Problem
From the records below, copy out exactly the lines from the one containing "Zalanala Women Long" to the one containing "IPMANAPADODE Kota Studi", both included. Add nothing else.

Dataset records
=======
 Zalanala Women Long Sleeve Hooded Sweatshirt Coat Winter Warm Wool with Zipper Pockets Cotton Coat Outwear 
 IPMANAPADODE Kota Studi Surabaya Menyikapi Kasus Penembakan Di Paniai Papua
=======
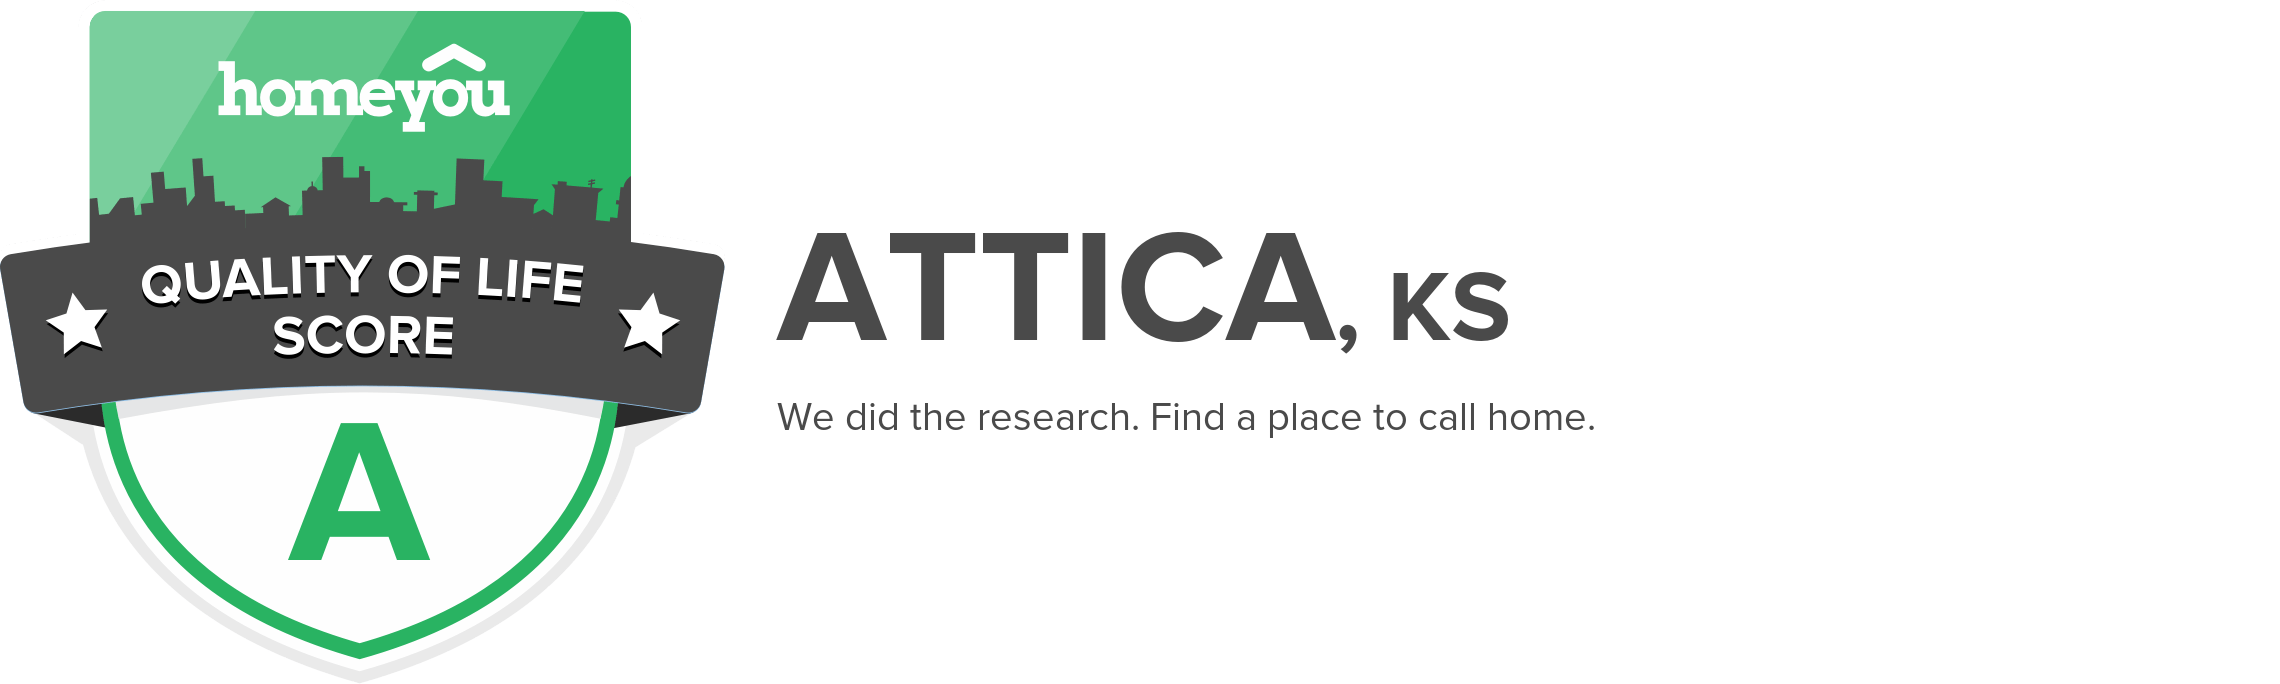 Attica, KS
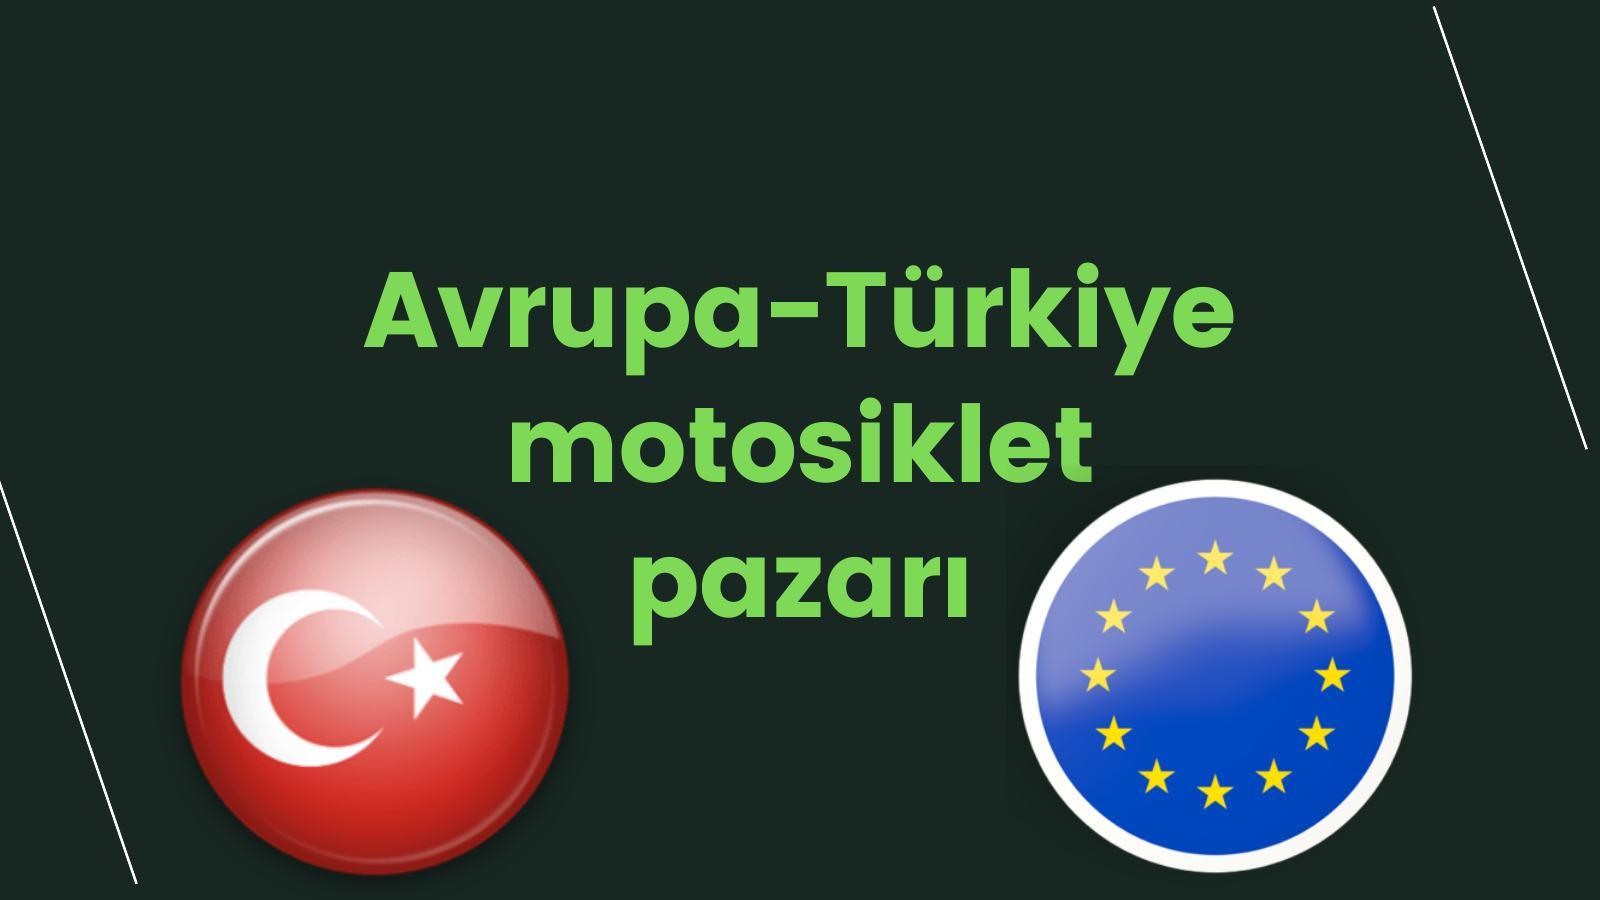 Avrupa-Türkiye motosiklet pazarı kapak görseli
=======
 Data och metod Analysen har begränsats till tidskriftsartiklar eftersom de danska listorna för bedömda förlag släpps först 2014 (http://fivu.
=======
Output below
 Zalanala Women Long Sleeve Hooded Sweatshirt Coat Winter Warm Wool with Zipper Pockets Cotton Coat Outwear 
 IPMANAPADODE Kota Studi Surabaya Menyikapi Kasus Penembakan Di Paniai Papua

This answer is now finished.